Start of Block

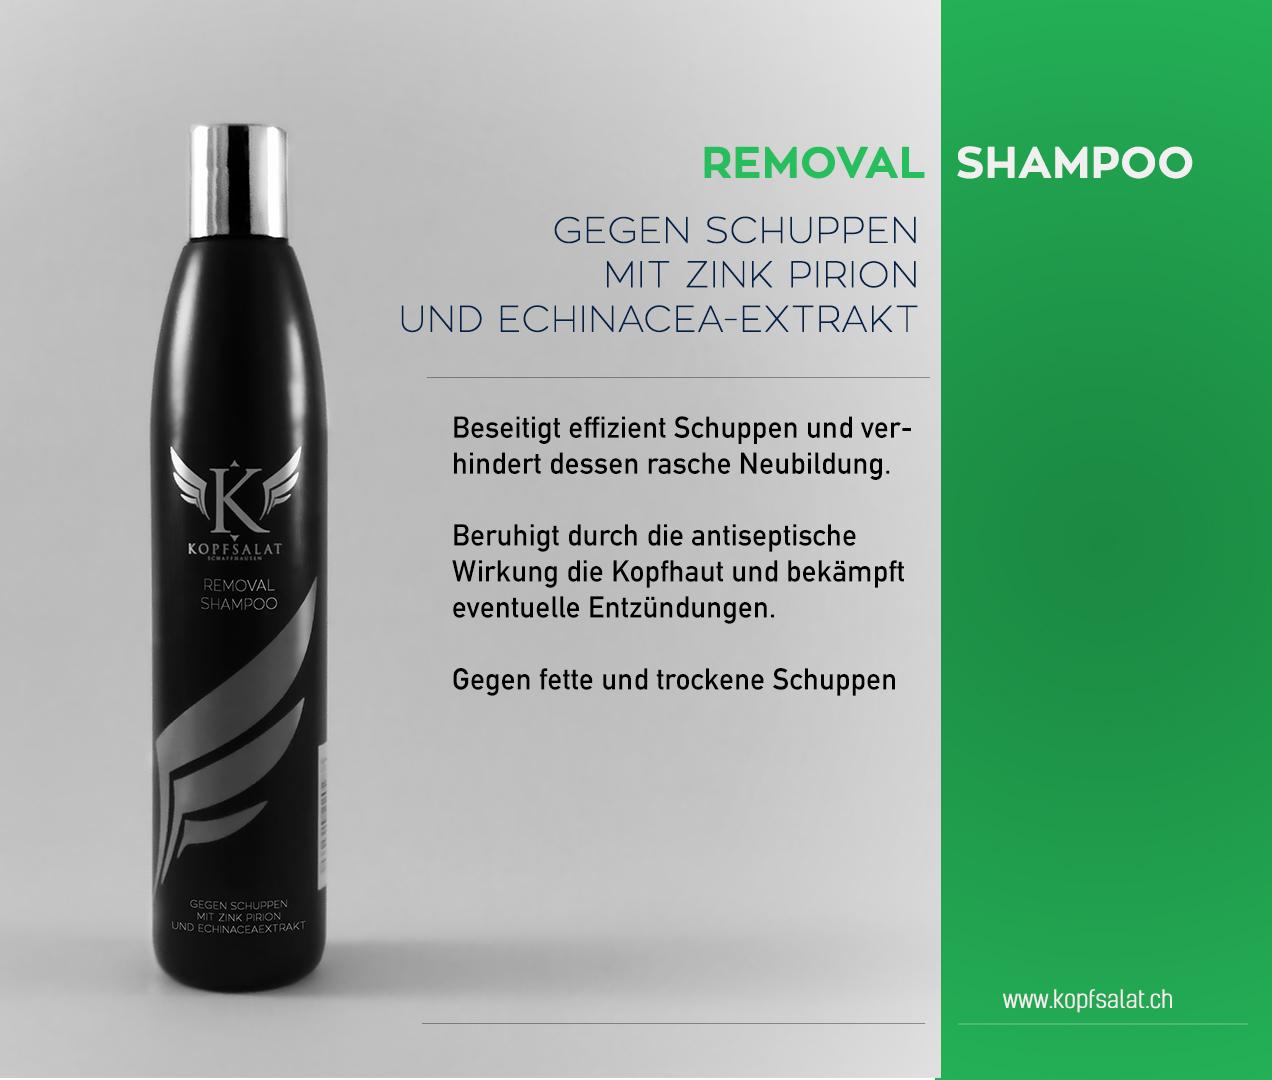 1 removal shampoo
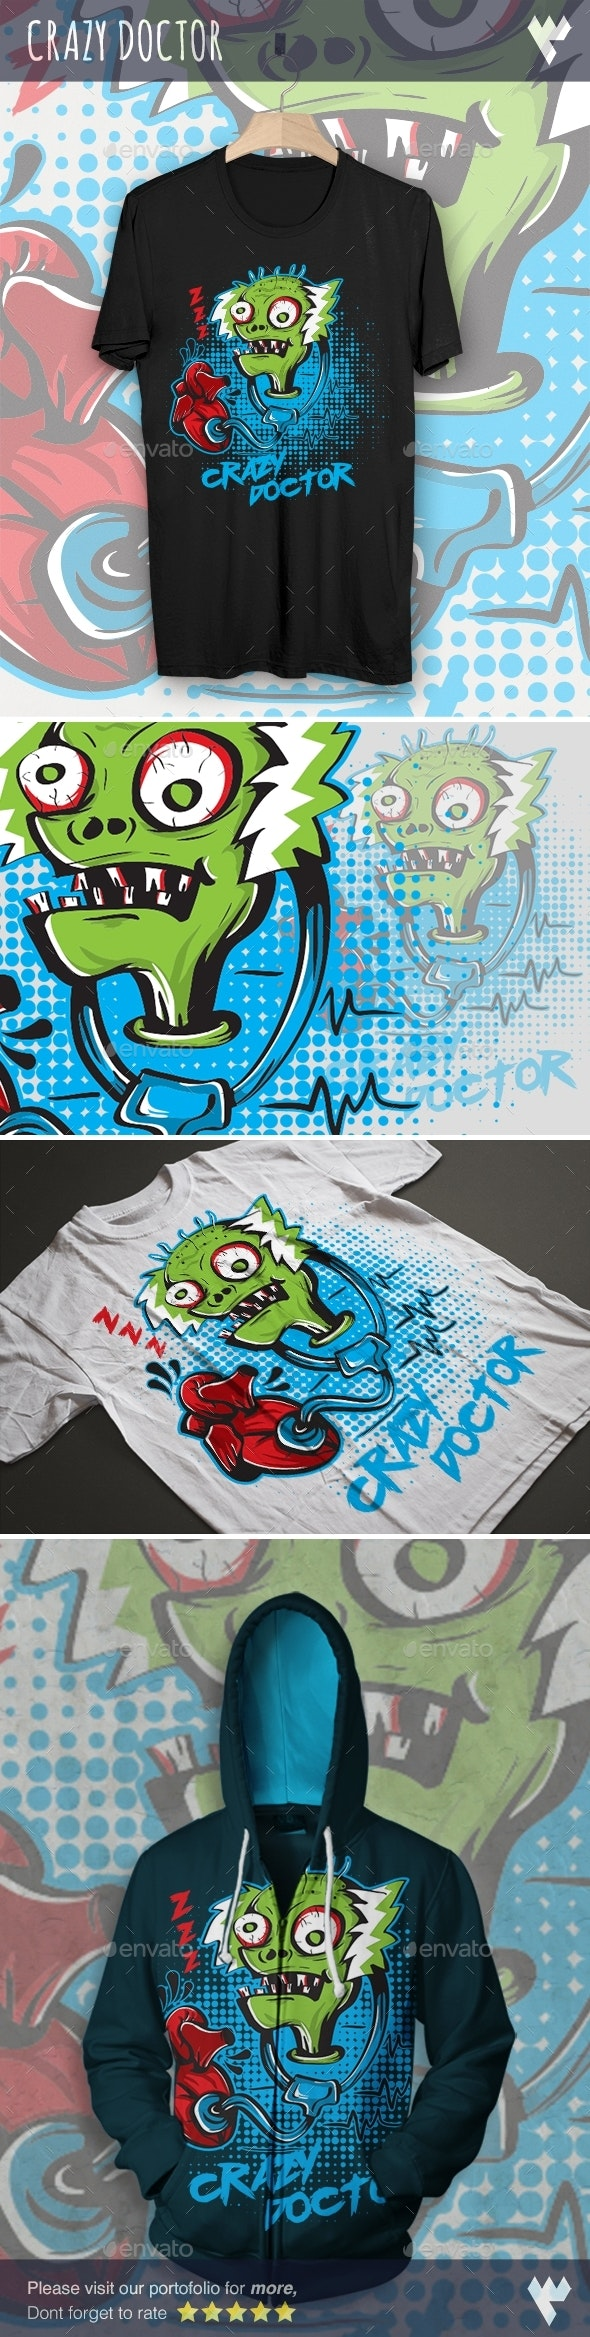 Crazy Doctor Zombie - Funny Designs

End of Block
Start of Block

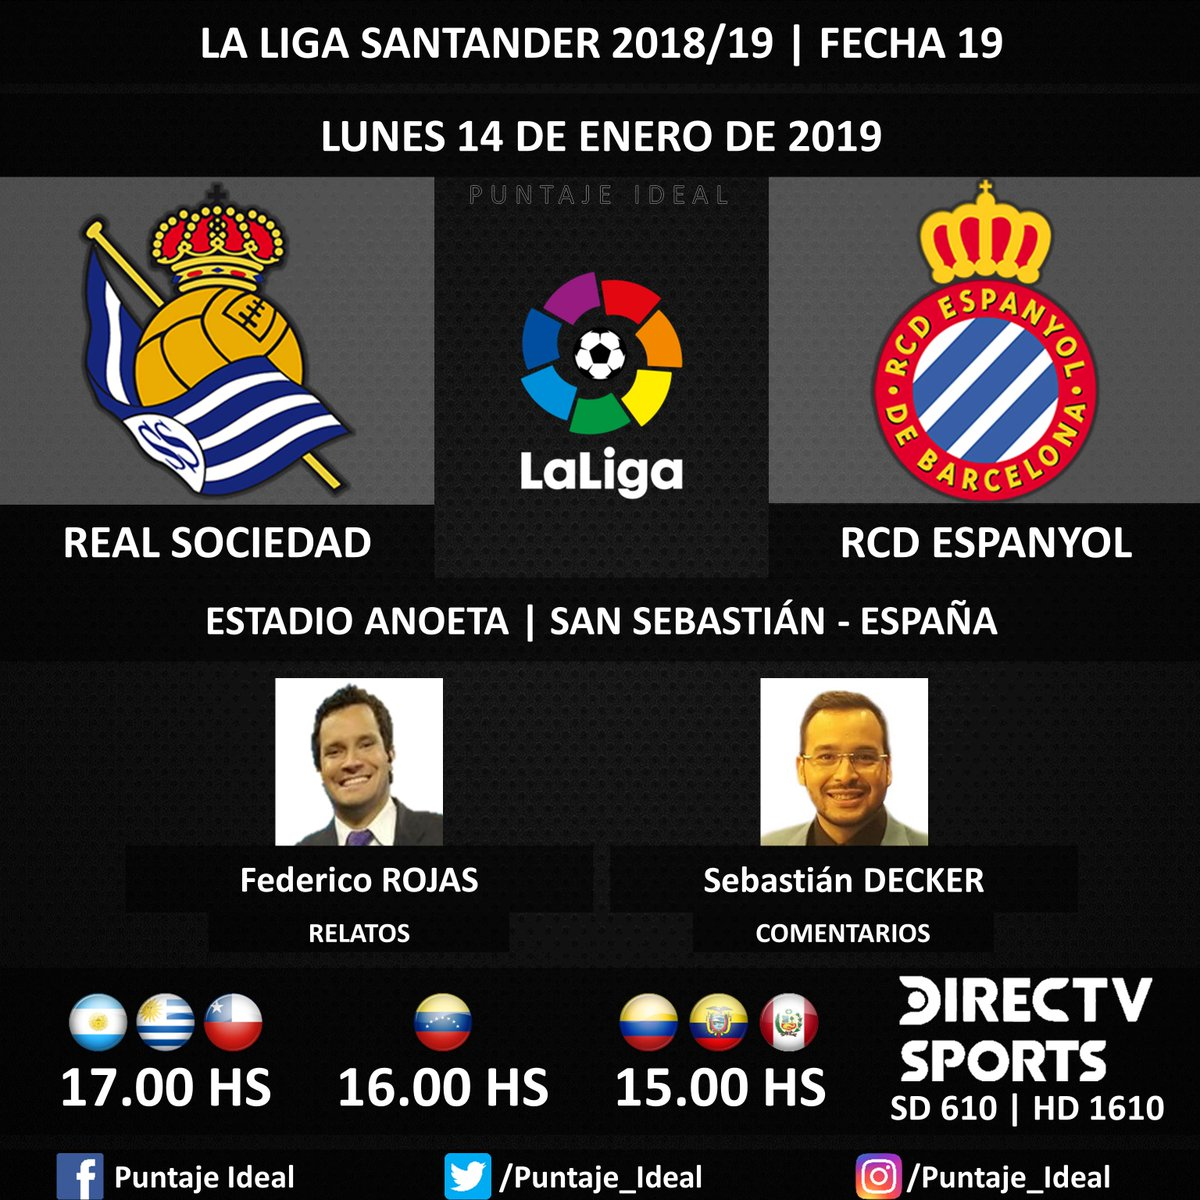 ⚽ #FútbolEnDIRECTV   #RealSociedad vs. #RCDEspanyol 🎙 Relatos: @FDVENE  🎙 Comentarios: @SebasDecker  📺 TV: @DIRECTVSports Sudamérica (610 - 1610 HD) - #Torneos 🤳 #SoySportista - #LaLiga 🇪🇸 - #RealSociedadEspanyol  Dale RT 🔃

End of Block
Start of Block

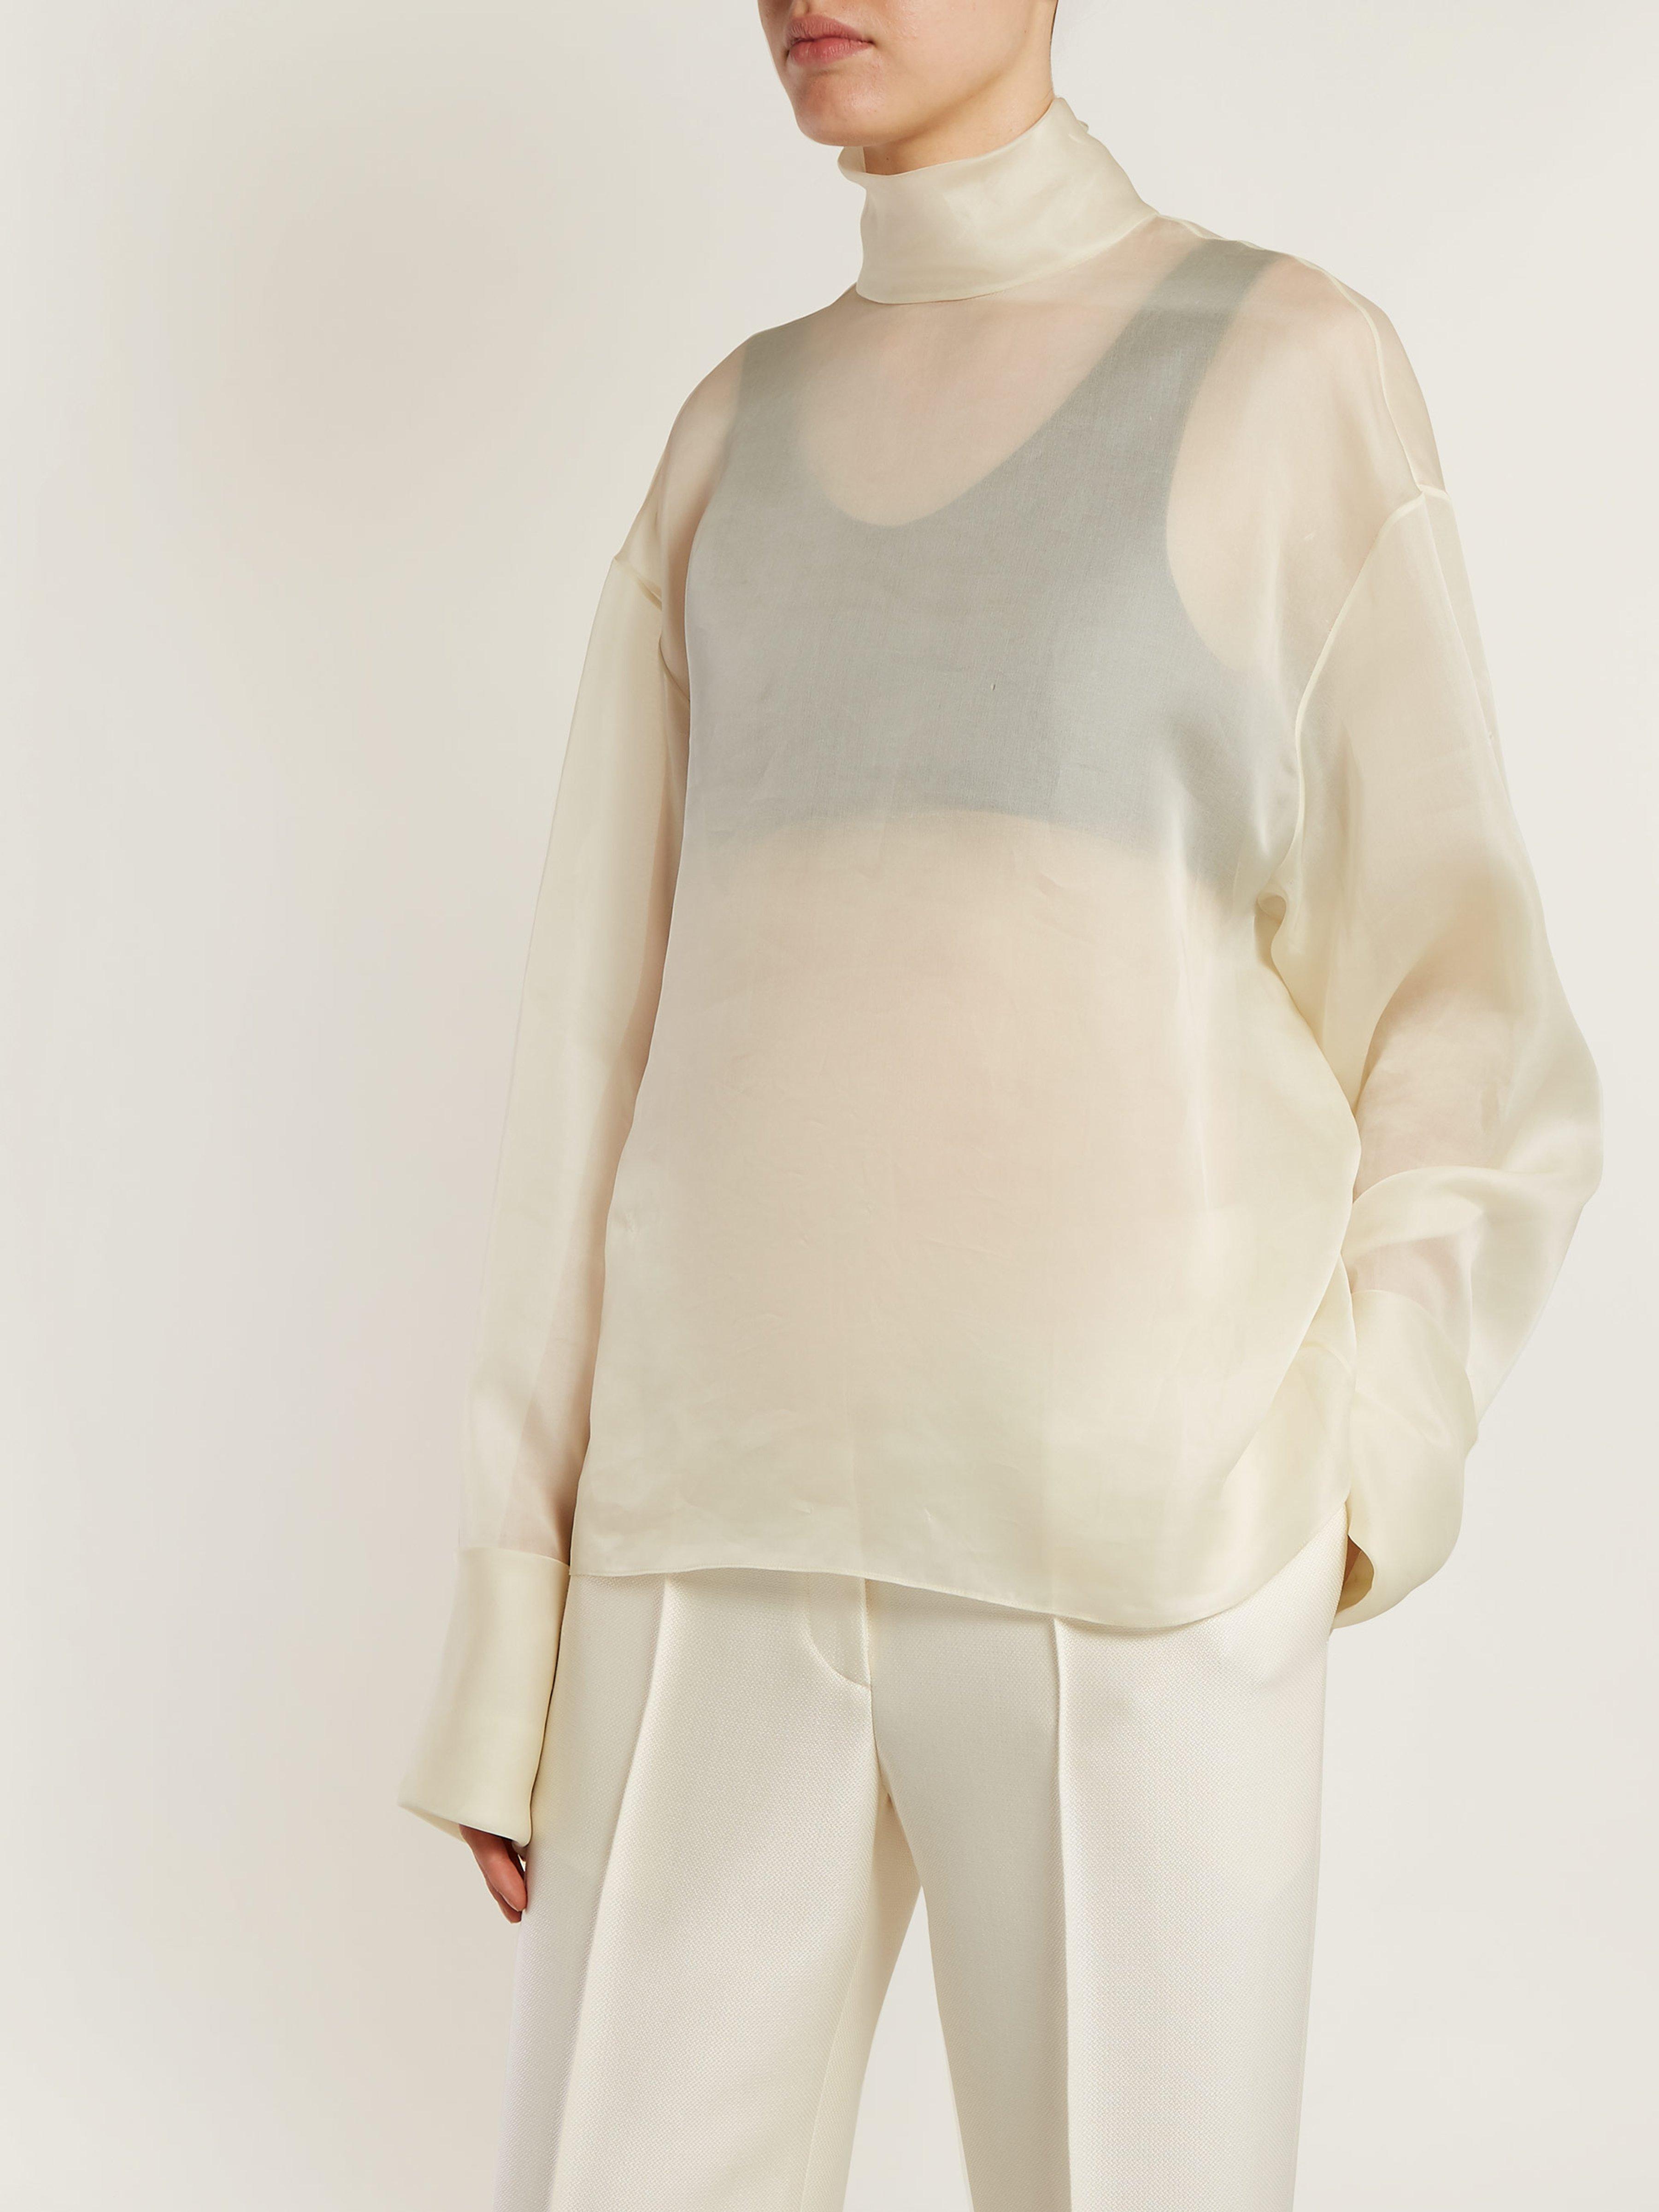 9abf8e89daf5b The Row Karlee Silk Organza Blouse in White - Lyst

End of Block

Above are the records. Copy only the lines from the one with "1 removal shampoo" through the one with "Crazy Doctor Zombie - Funny Designs", exactly, with no pictures.

 1 removal shampoo
 Crazy Doctor Zombie - Funny Designs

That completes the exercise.